Correlation Between United States and MAG SILVER
Can any of the company-specific risk be diversified away by investing in both United States and MAG SILVER at the same time? Although using a correlation coefficient on its own may not help to predict future stock returns, this module helps to understand the diversifiable risk of combining United States and MAG SILVER into the same portfolio, which is an essential part of the fundamental portfolio management process.
By analyzing existing cross correlation between United States Steel and MAG SILVER, you can compare the effects of market volatilities on United States and MAG SILVER and check how they will diversify away market risk if combined in the same portfolio for a given time horizon. You can also utilize pair trading strategies of matching a long position in United States with a short position of MAG SILVER. Check out your portfolio center. Please also check ongoing floating volatility patterns of United States and MAG SILVER.

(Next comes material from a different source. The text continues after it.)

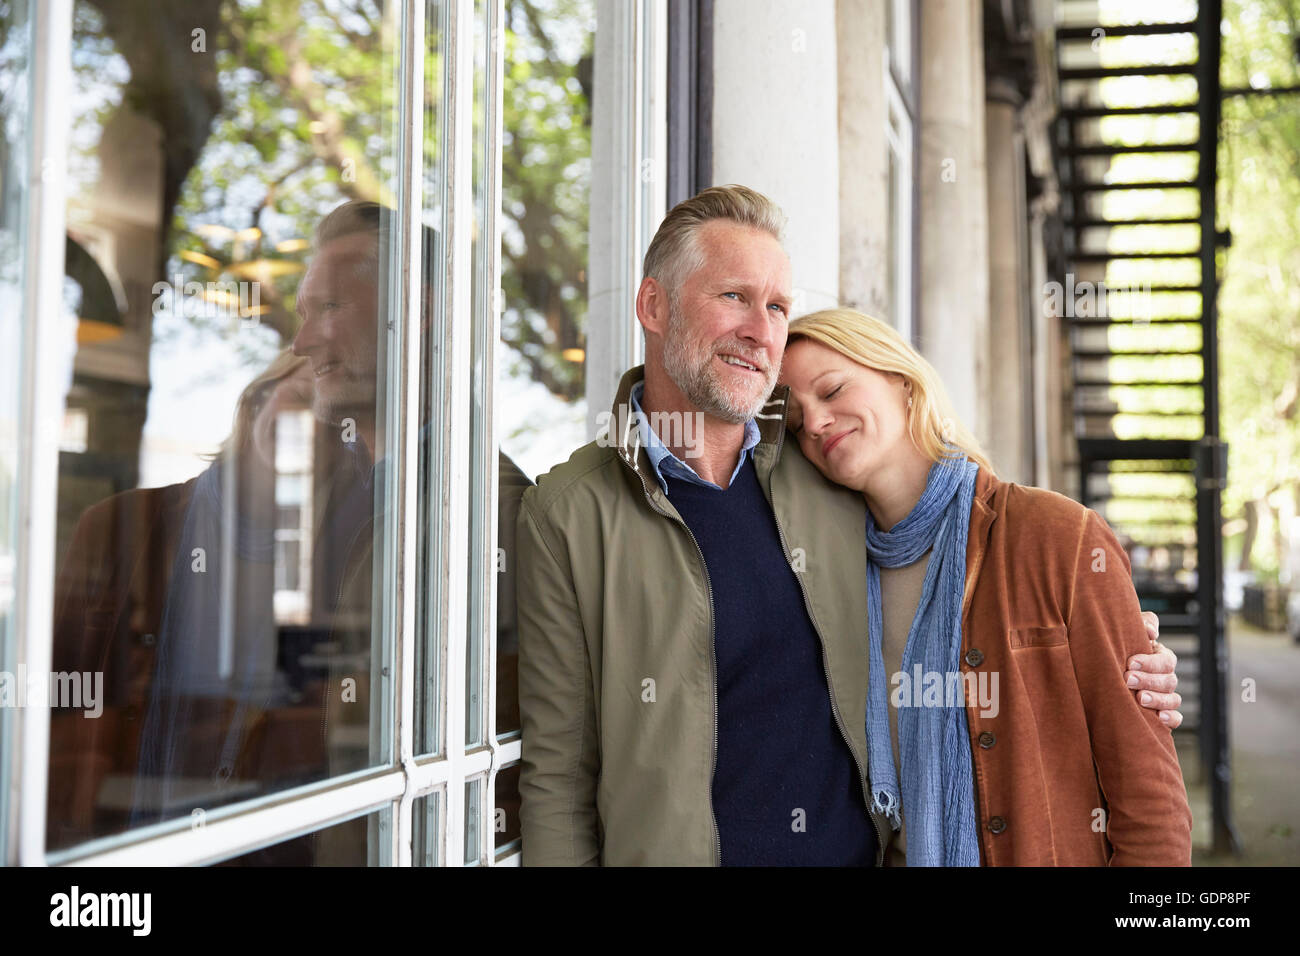 Mature couple leaning against window smiling Banque D'Images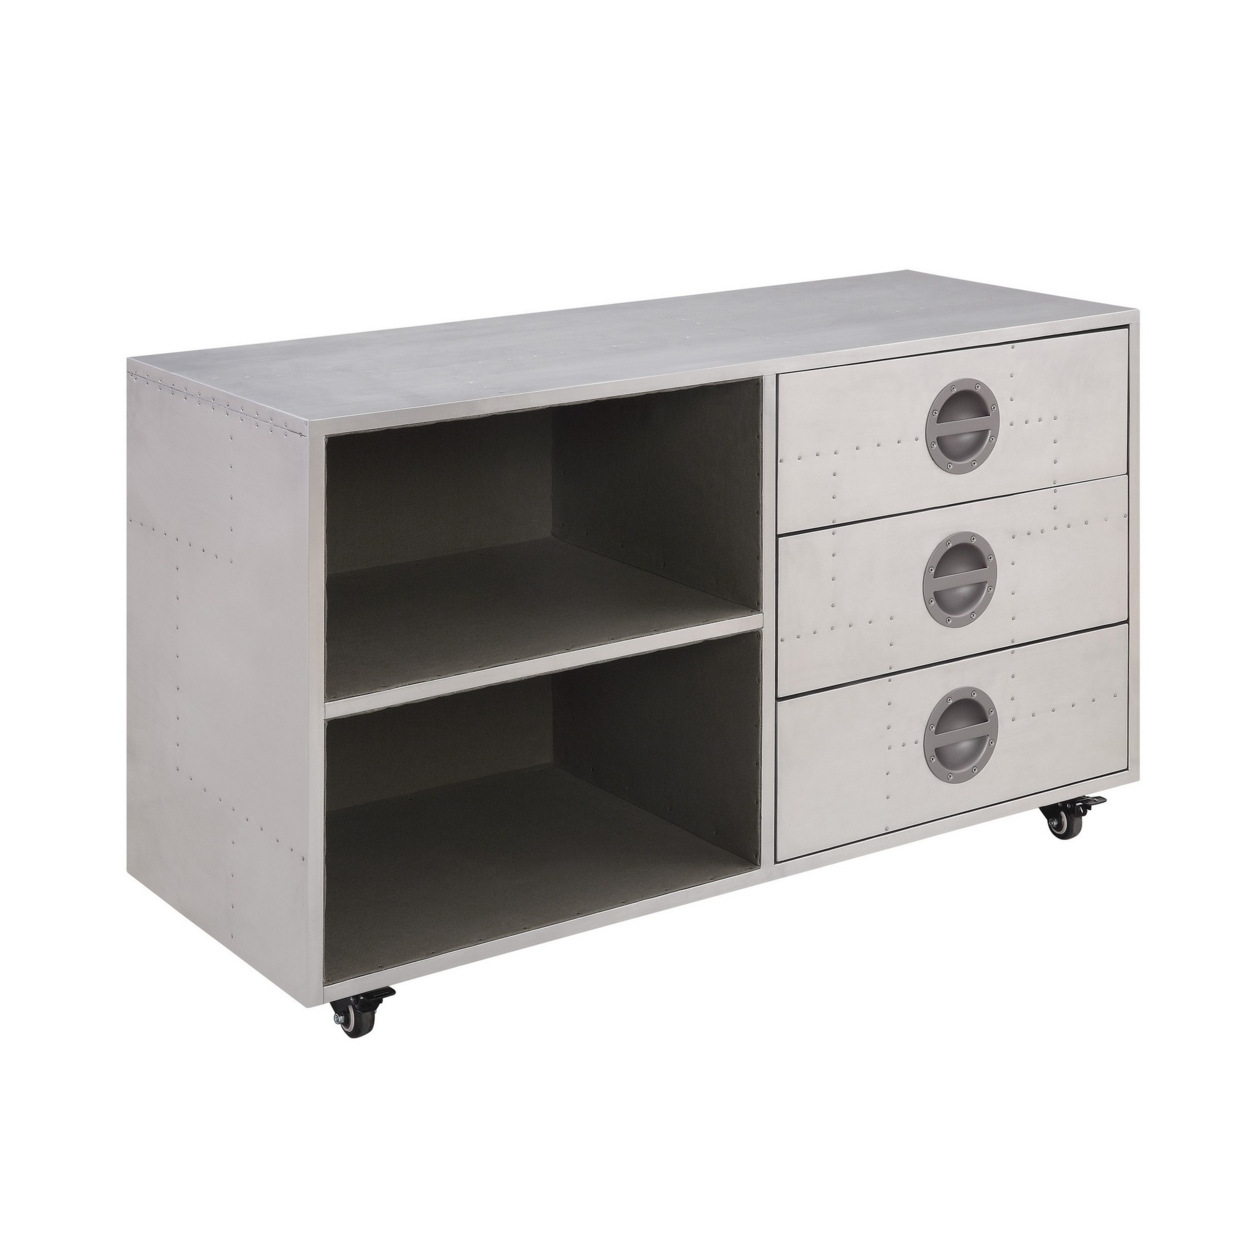 3 Drawer Metal Cabinet With Aluminum Patchwork And 1 Shelf, Silver- Saltoro Sherpi

Diversification Opportunities for United States and MAG SILVER
0.63 | Correlation Coefficient |
Poor diversification
The 3 months correlation between United and MAG is 0.63. Overlapping area represents the amount of risk that can be diversified away by holding United States Steel and MAG SILVER in the same portfolio, assuming nothing else is changed. The correlation between historical prices or returns on MAG SILVER and United States is a relative statistical measure of the degree to which these equity instruments tend to move together. The correlation coefficient measures the extent to which returns on United States Steel are associated (or correlated) with MAG SILVER. Values of the correlation coefficient range from -1 to +1, where. The correlation of zero (0) is possible when the price movement of MAG SILVER has no effect on the direction of United States i.e., United States and MAG SILVER go up and down completely randomly.
Pair Corralation between United States and MAG SILVER
Assuming the 90 days trading horizon United States Steel is expected to under-perform the MAG SILVER. In addition to that, United States is 1.9 times more volatile than MAG SILVER. It trades about -0.25 of its total potential returns per unit of risk. MAG SILVER is currently generating about -0.13 per unit of volatility. If you would invest 1,447 in MAG SILVER on October 9, 2024 and sell it today you would lose (72.00) from holding MAG SILVER or give up 4.98% of portfolio value over 90 days.
Time Period | 3 Months [change] |
Direction | Moves Together |
Strength | Significant |
Accuracy | 100.0% |
Values | Daily Returns |
United States Steel vs. MAG SILVER
Performance |
Timeline |
United States Steel |
MAG SILVER |
United States and MAG SILVER Volatility Contrast
Predicted Return Density |
Returns |
Pair Trading with United States and MAG SILVER
The main advantage of trading using opposite United States and MAG SILVER positions is that it hedges away some unsystematic risk. Because of two separate transactions, even if United States position performs unexpectedly, MAG SILVER can make up some of the losses. Pair trading also minimizes risk from directional movements in the market. For example, if an entire industry or sector drops because of unexpected headlines, the short position in MAG SILVER will offset losses from the drop in MAG SILVER's long position.United States vs. CSSC Offshore Marine | United States vs. CompuGroup Medical SE | United States vs. SCANDMEDICAL SOLDK 040 | United States vs. Easy Software AG |
Check out your portfolio center.Note that this page's information should be used as a complementary analysis to find the right mix of equity instruments to add to your existing portfolios or create a brand new portfolio. You can also try the ETF Categories module to list of ETF categories grouped based on various criteria, such as the investment strategy or type of investments.